With an infinite library of cation and anion chemistries to choose from, we employed cholinium derived cations and organic carboxylic acid anions in synthesis of our chosen DESs due to their natural expression in various biological systems. Herein, we synthesized a library of 30 biocompatible cholinium and carboxylic acid based DESs in either 2:1, 1:1, or 1:2 cation-to-anion ratios, and formulated them with a polyclonal mixture of IgG antibody (100 – 300 mg/mL). Antibody was our therapeutic of choice for this initial study due to their increasing use in subcutaneous therapy and their lower bioavailability as compared to other protein biologics (ex. peptides). Initial in vitro screening strategies constituted rheological characterization of all 30 DESs formulated with antibody (100 mg/mL) and assays assessing thermal stability through techniques such as circular dichroism, differential scanning calorimetry, and dynamic light scattering, and functional capability using enzyme-linked immunosorbent assay (ELISA) at various incubation temperatures (5°C, room temperature, 37°C).

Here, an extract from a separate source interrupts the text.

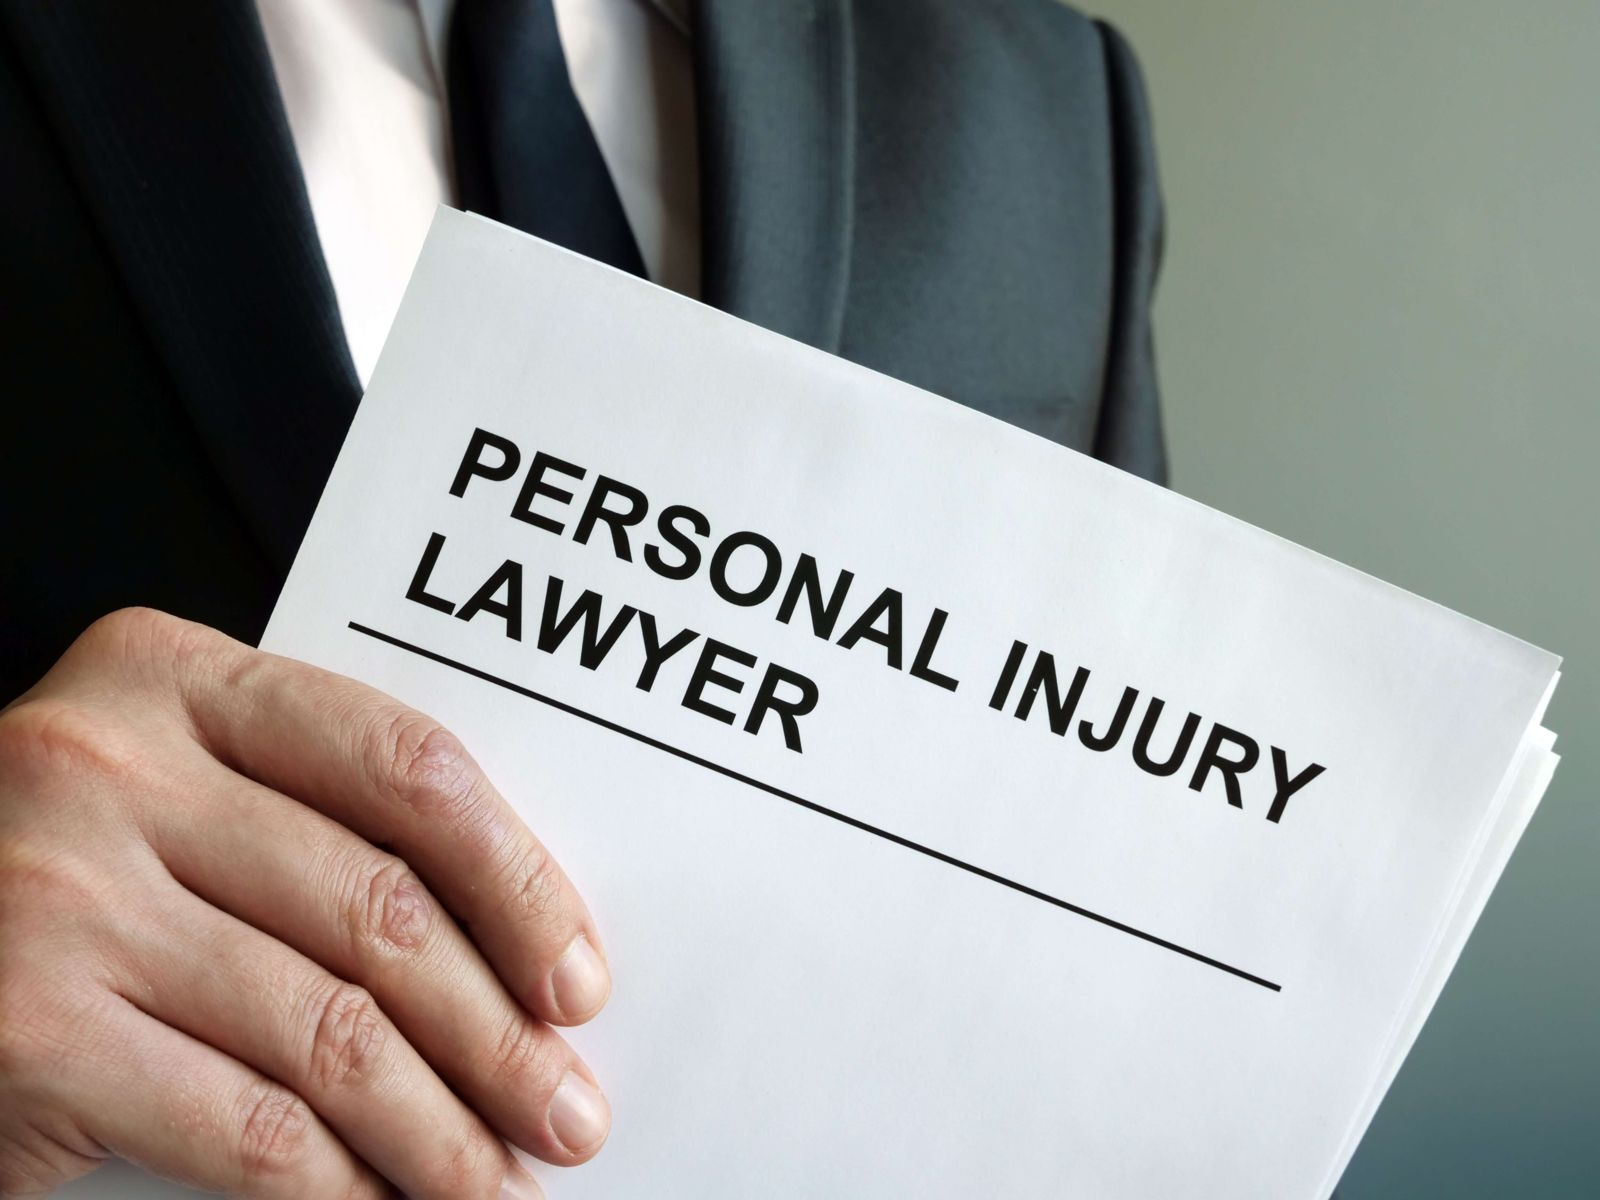 Louisiana Personal Injury Lawyer Grady Flattmann

Ruling out formulations tending to higher viscosity values (>25cP) and displaying thermal denaturation, we arrived at 11 candidates to probe for in vivo experimentation (Figure 1A). Subcutaneous bioavailability of 11 different DESs formulated with IgG antibody (100 mg/mL) was compared to naked antibody formulated in saline within a mouse model. Results from an initial 6 day study indicated both comparable and far improved pharmacokinetics of DES-antibody in comparison to saline. Such a range can be attributed to a combination of different viscosity profiles and interactions between free DES ionic species and surrounding ECM encouraging tissue. From these 11 tested candidates, 5 DES-antibody formulations were probed for an extended study over 21 days. Relative bioavailability values for DES-antibody candidates and a saline control injected subcutaneously were compared to an intravenous injection of saline control. Select DES-antibody candidates displayed an increase by 2-5 fold (85-250%) in bioavailability as compared to saline control (47%) when injected into subcutaneous tissue (Figure 1B).

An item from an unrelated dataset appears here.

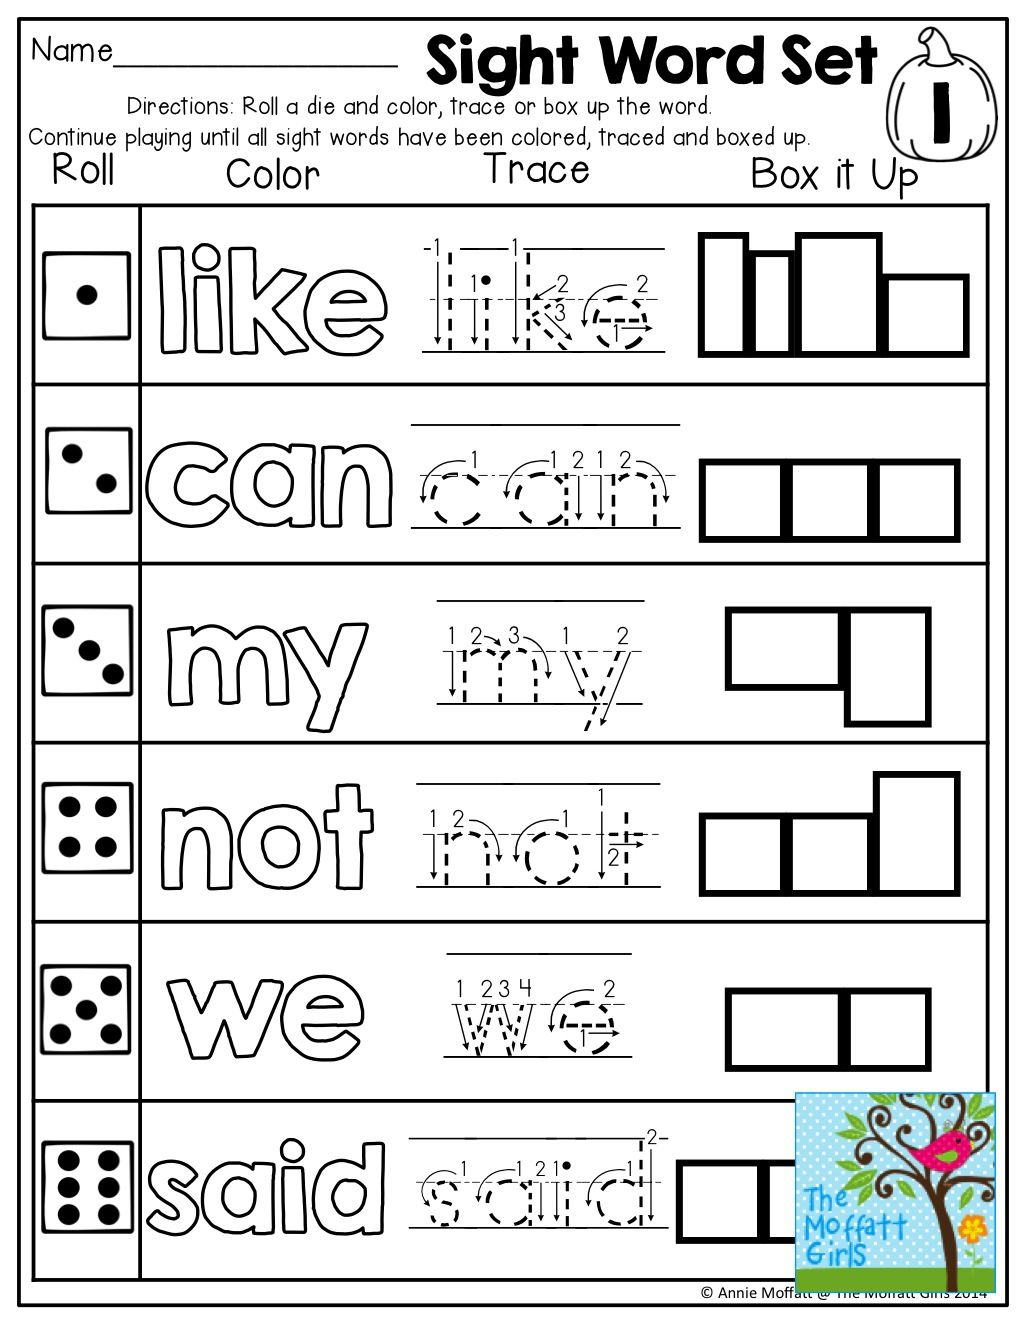 36f44f72a695f5d7ddf41314f3512826 - Sight Word Videos For Kindergarten

The high potential of our DES-antibody formulations for subcutaneous antibody therapy at a clinically relevant concentration (100 mg/mL) has been highlighted in our in vitro and in vivo studies thus far. This presents an exciting opportunity for incorporation of DESs as excipients in concentrated protein therapeutic formulations. We seek to further elucidate the relationship between DES and antibody aggregation through fundamental lenses of electrostatic and hydrophobic parameters as to probe higher the concentration barrier to an even greater extent (300 mg/mL). Currently, through optimization of implicative variables such as conductivity and surface tension for a range of neat DESs, we have extrapolated a mathematical model for prediction of viscosity in final formulation containing antibody (Figure 2). Ongoing studies demonstrate the potential of using facile techniques to predict injectability of concentrated protein therapeutic formulations in the absence of protein itself, leading to an effective cost saving measure in subcutaneous therapy development.

Figure Captions

Figure 1: A) Shear sweep rheology for synthesized DESs formulated at 10% (v/v) with 100 mg/mL of IgG antibody. B) 21 day serum concentration and bioavailability for candidate DES formulated at 10% (v/v) with 100 mg/mL IgG antibody in a subcutaneous mouse model.

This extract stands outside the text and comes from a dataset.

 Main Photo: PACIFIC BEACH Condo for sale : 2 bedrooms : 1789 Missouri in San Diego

Figure 2: Experimental viscosity (red), conductivity (black), and model predicted viscosity (green) of DES formulated with 300 mg/mL IgG antibody as a function of DES concentration. Vertical lines represent locations of minimum and maximum values for associated colored curve. Horizontal line (blue) represents viscosity threshold for injectable subcutaneous therapeutic formulations (25cP).